• _What the task requires_
The line containing "STOKE ON TRENT, ENGLAND - APRIL" and each line after it, through the final line of the data, are to be retyped exactly, with pictures left out.
Start of Data
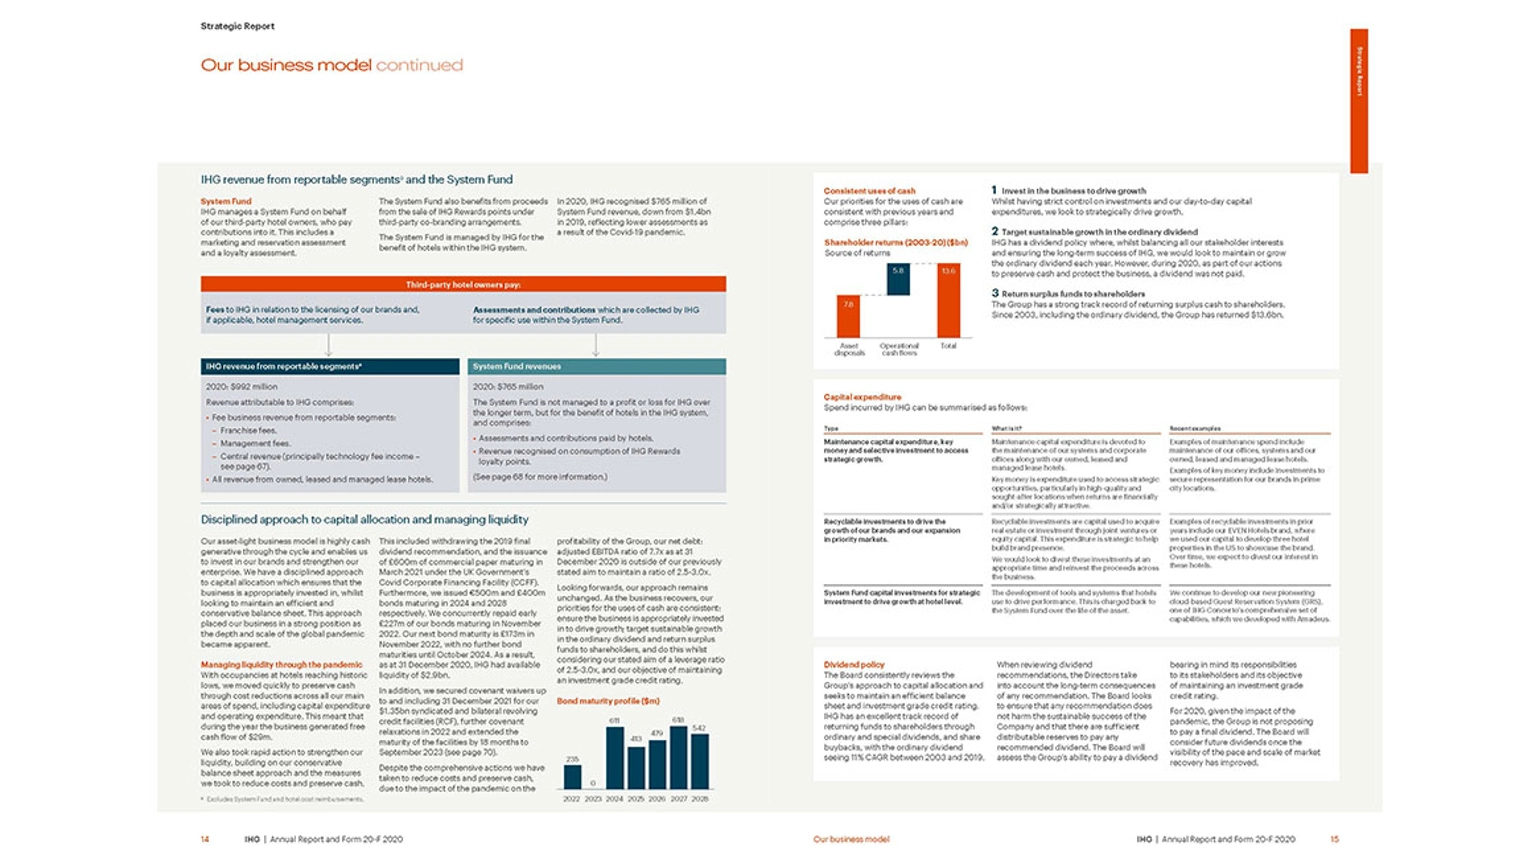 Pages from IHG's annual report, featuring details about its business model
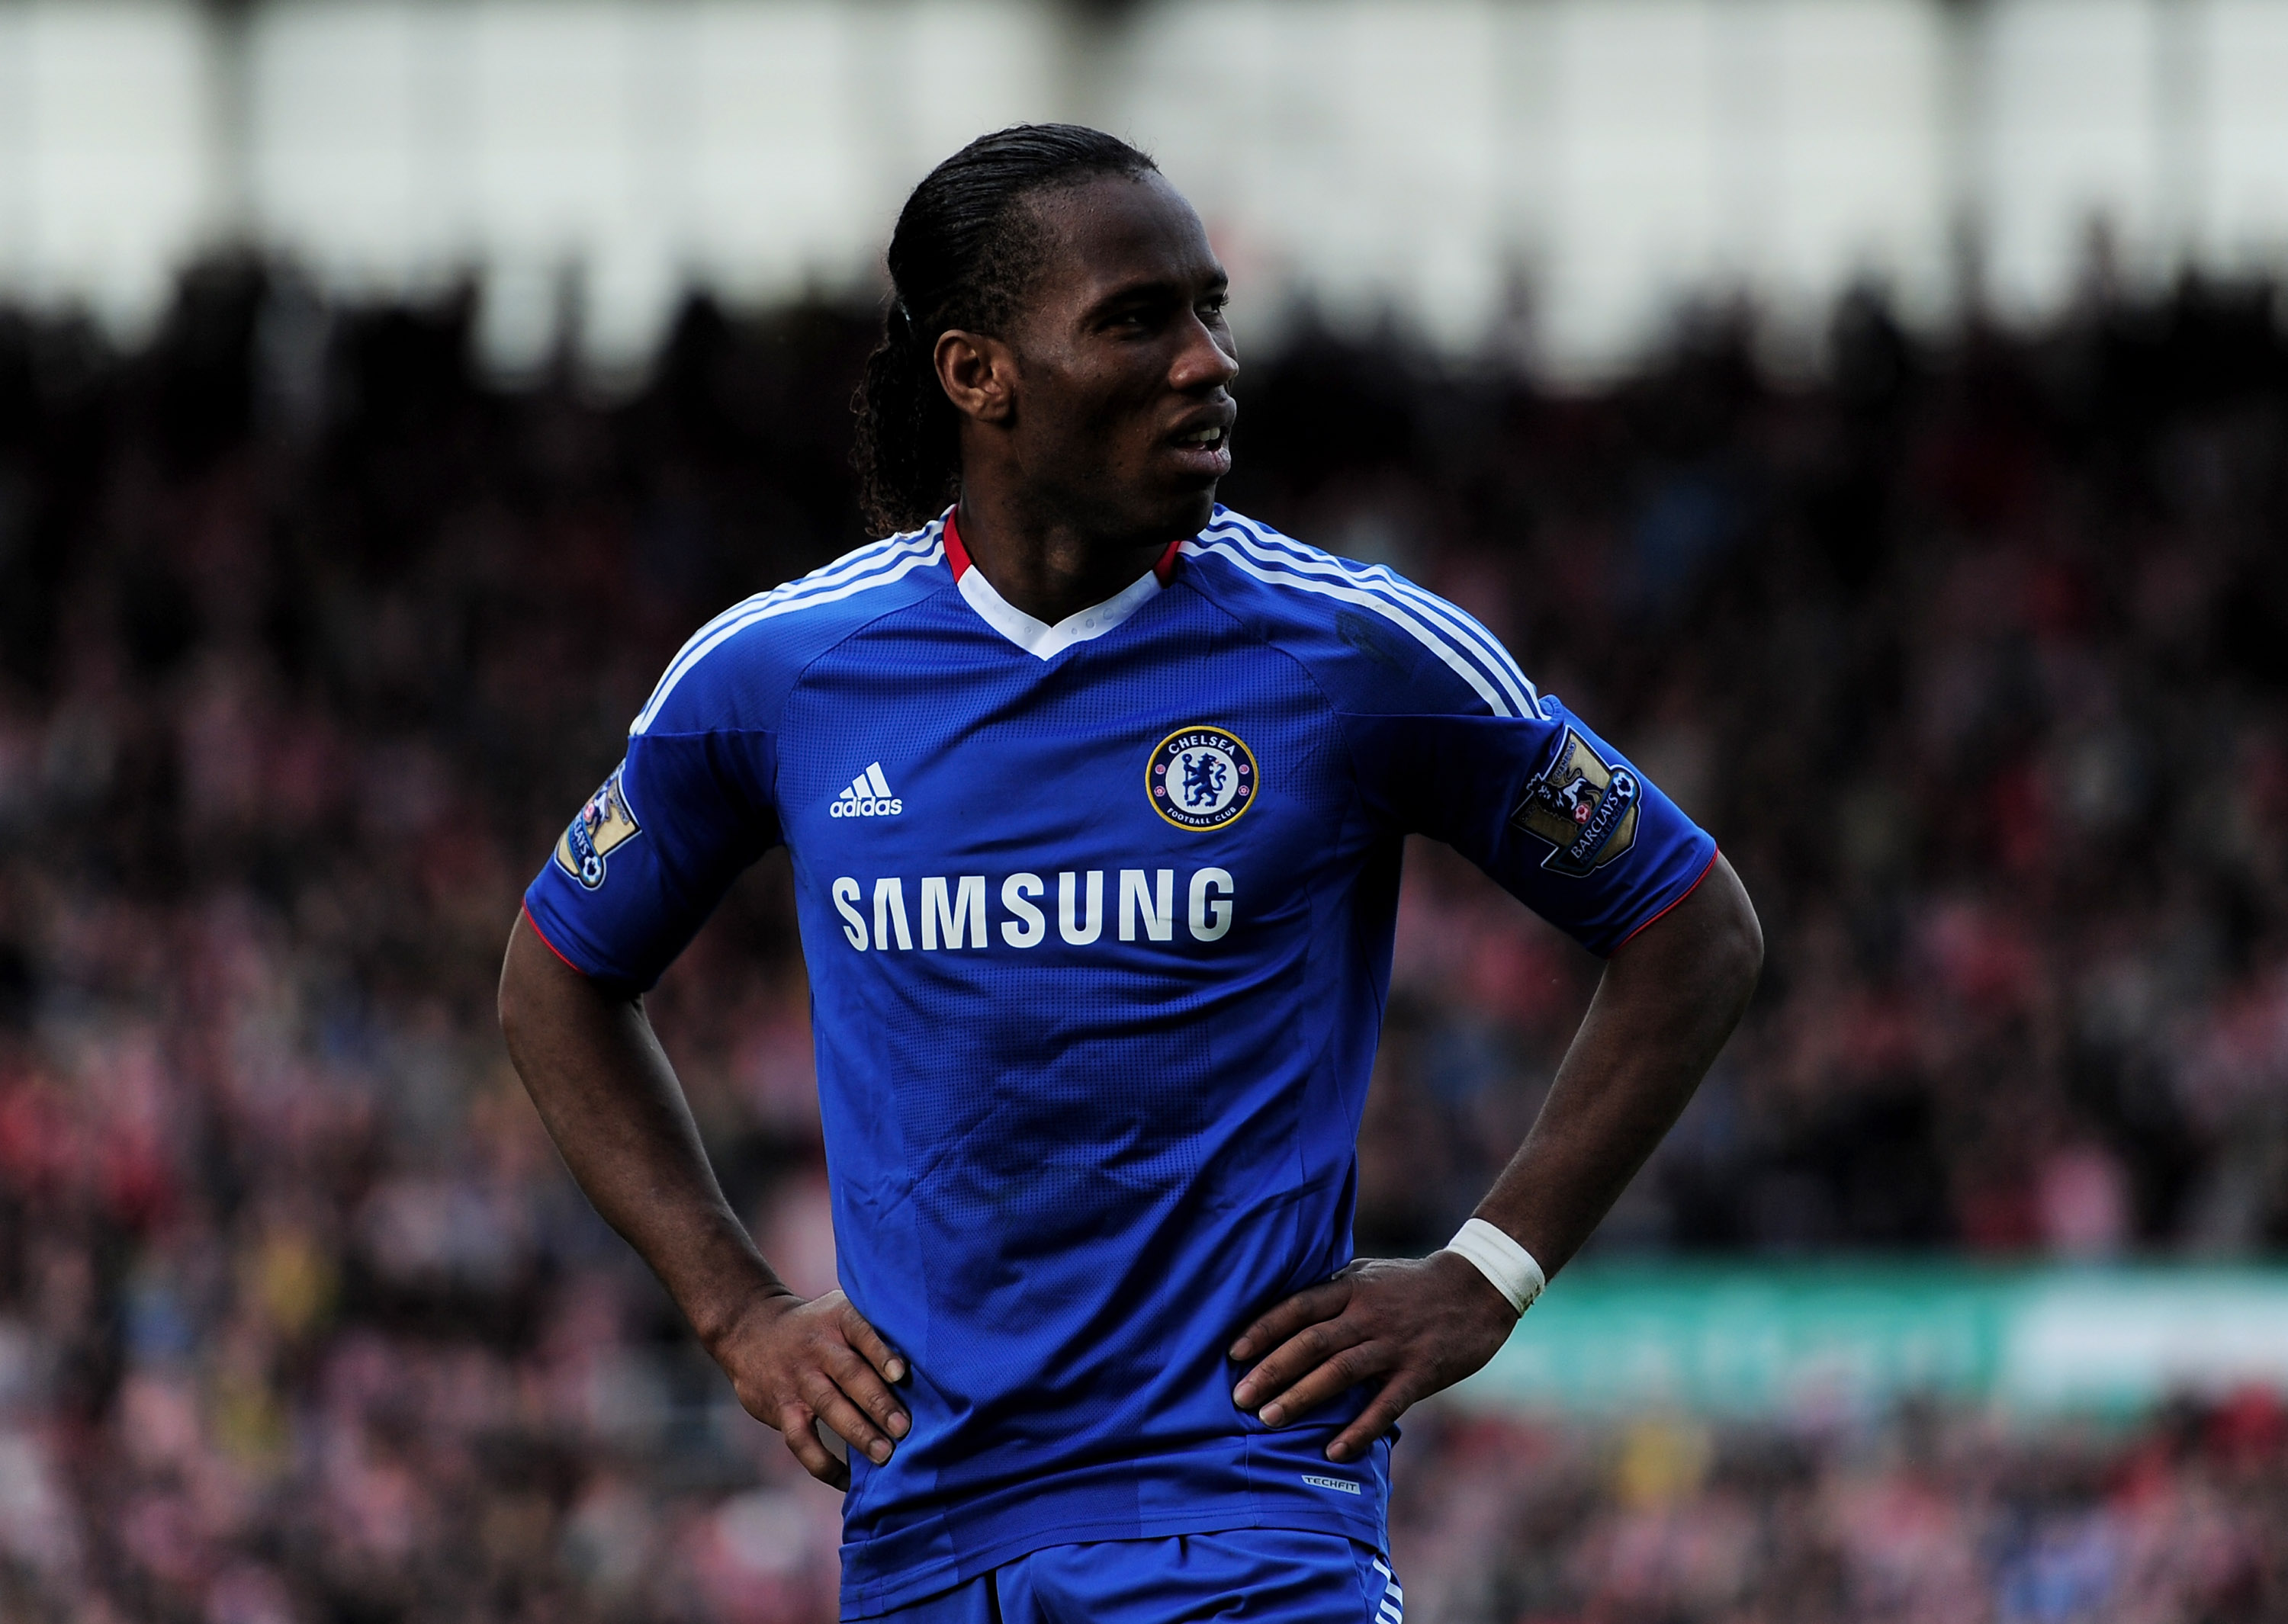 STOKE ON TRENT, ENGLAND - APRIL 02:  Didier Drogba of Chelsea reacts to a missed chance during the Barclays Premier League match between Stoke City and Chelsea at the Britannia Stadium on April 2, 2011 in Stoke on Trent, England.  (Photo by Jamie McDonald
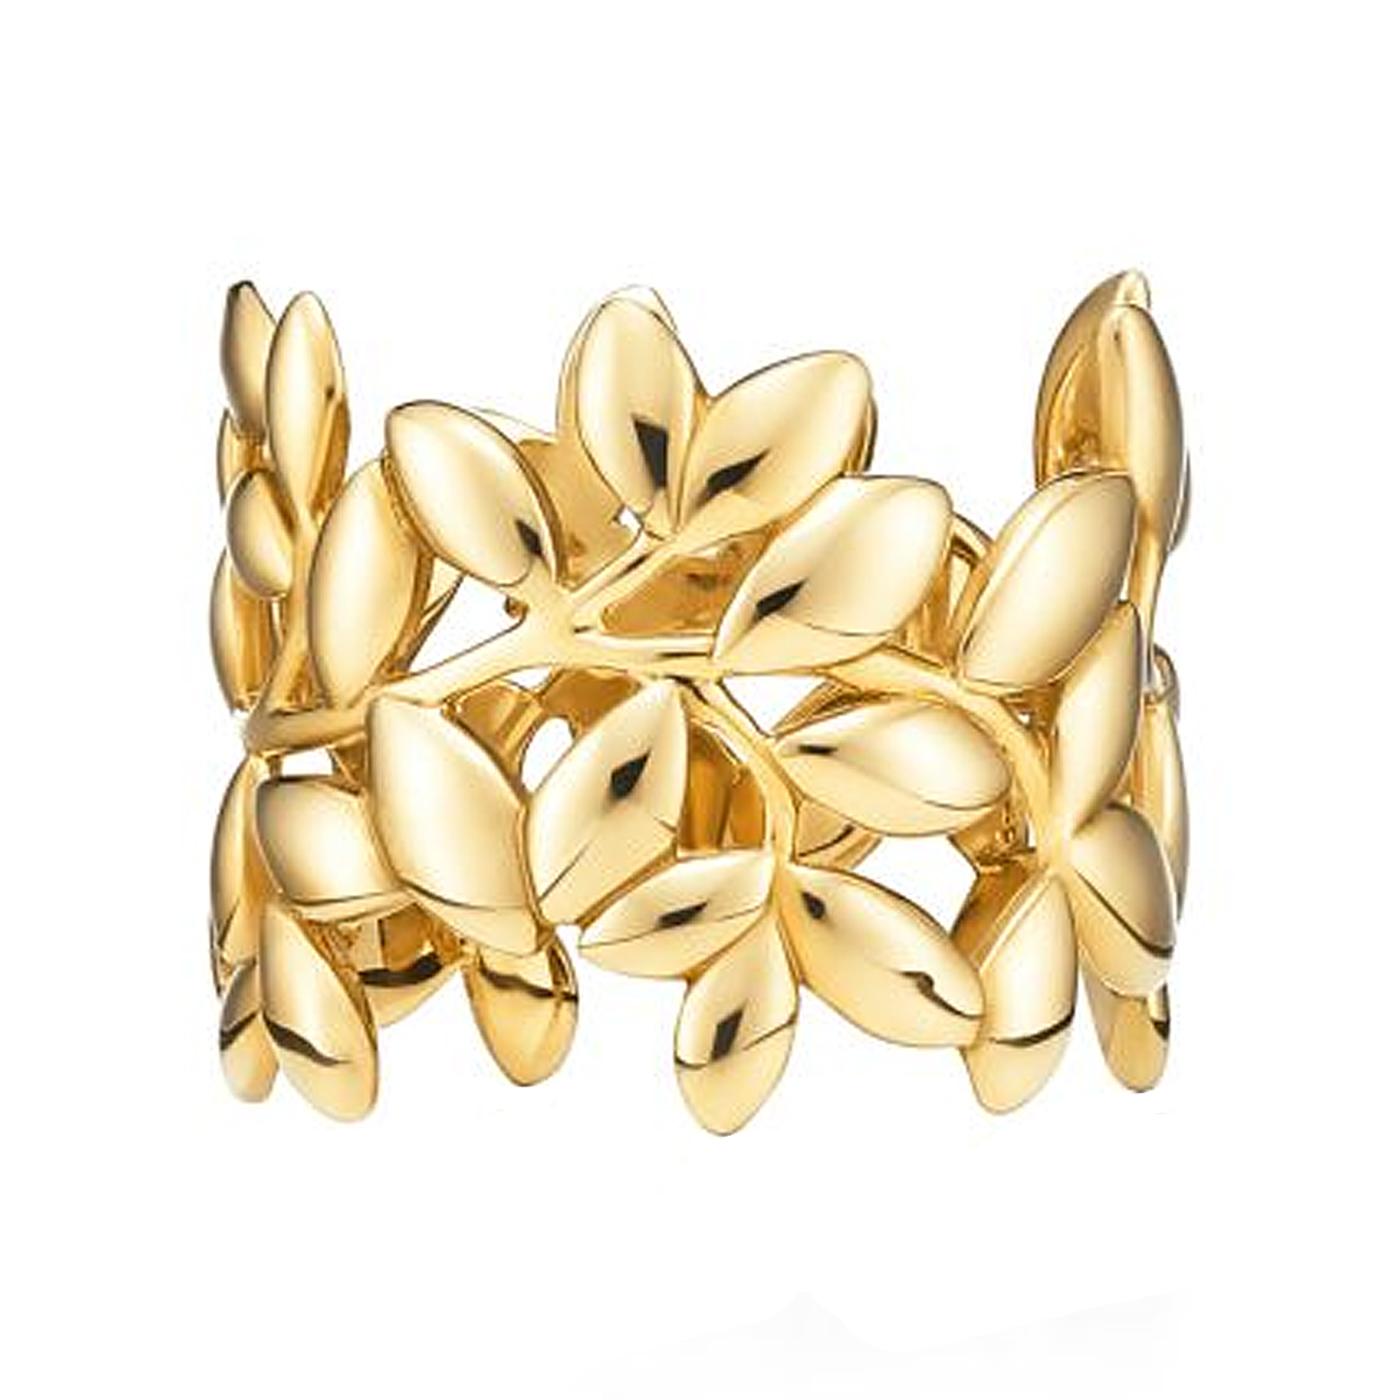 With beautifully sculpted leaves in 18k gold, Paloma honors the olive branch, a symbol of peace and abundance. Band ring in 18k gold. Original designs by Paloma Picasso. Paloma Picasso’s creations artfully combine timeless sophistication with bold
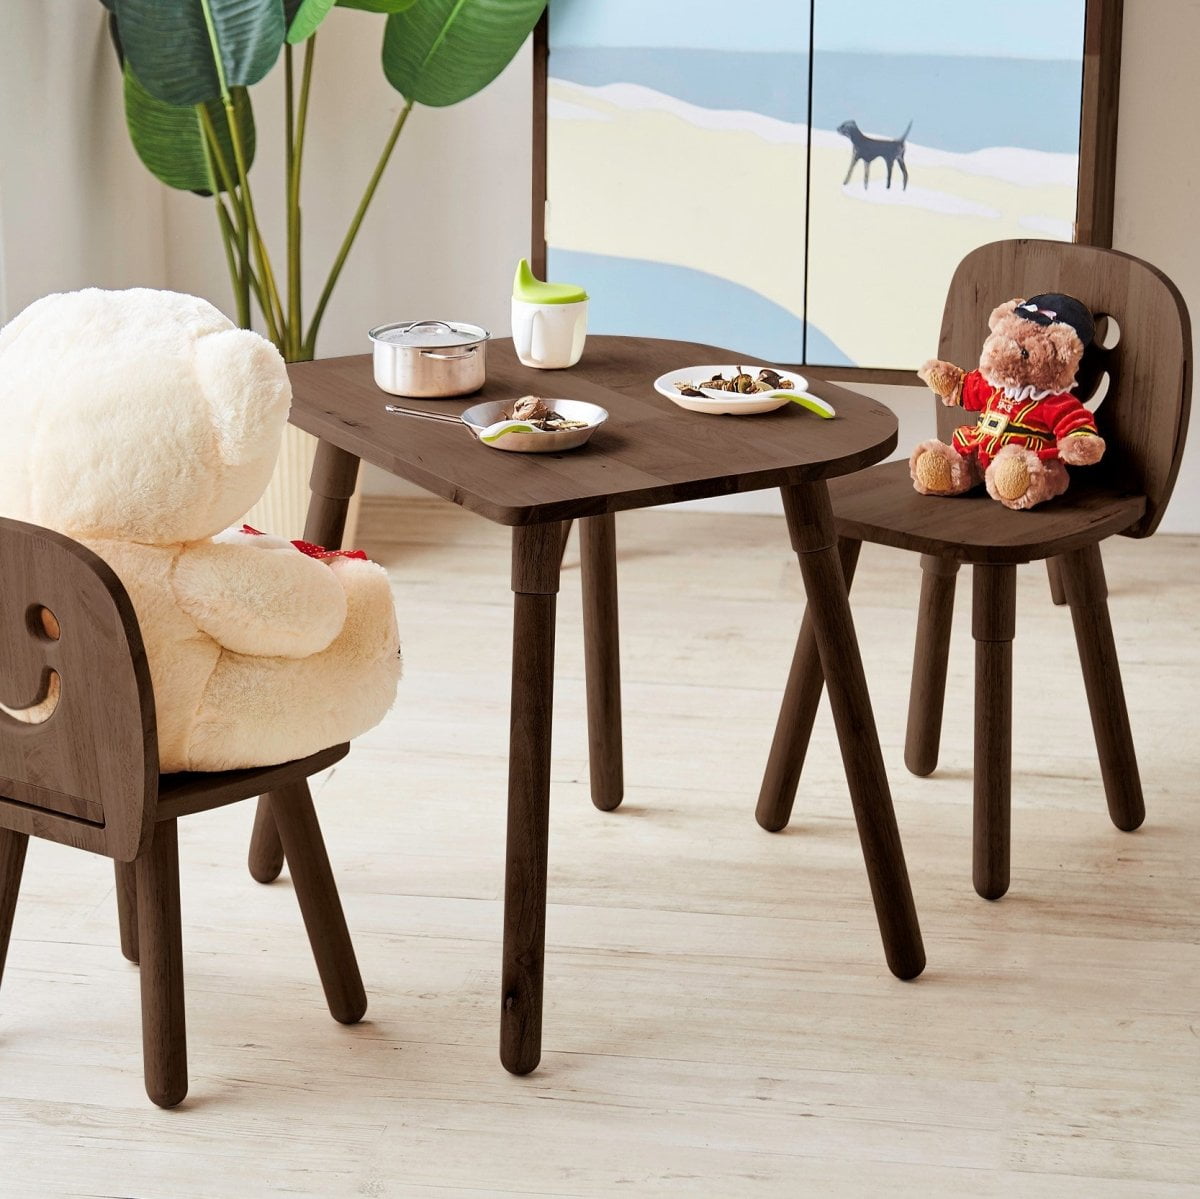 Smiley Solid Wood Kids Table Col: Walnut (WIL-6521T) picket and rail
End of Data
• _Written response_
 STOKE ON TRENT, ENGLAND - APRIL 02:  Didier Drogba of Chelsea reacts to a missed chance during the Barclays Premier League match between Stoke City and Chelsea at the Britannia Stadium on April 2, 2011 in Stoke on Trent, England.  (Photo by Jamie McDonald
 With beautifully sculpted leaves in 18k gold, Paloma honors the olive branch, a symbol of peace and abundance. Band ring in 18k gold. Original designs by Paloma Picasso. Paloma Picasso’s creations artfully combine timeless sophistication with bold
 Smiley Solid Wood Kids Table Col: Walnut (WIL-6521T) picket and rail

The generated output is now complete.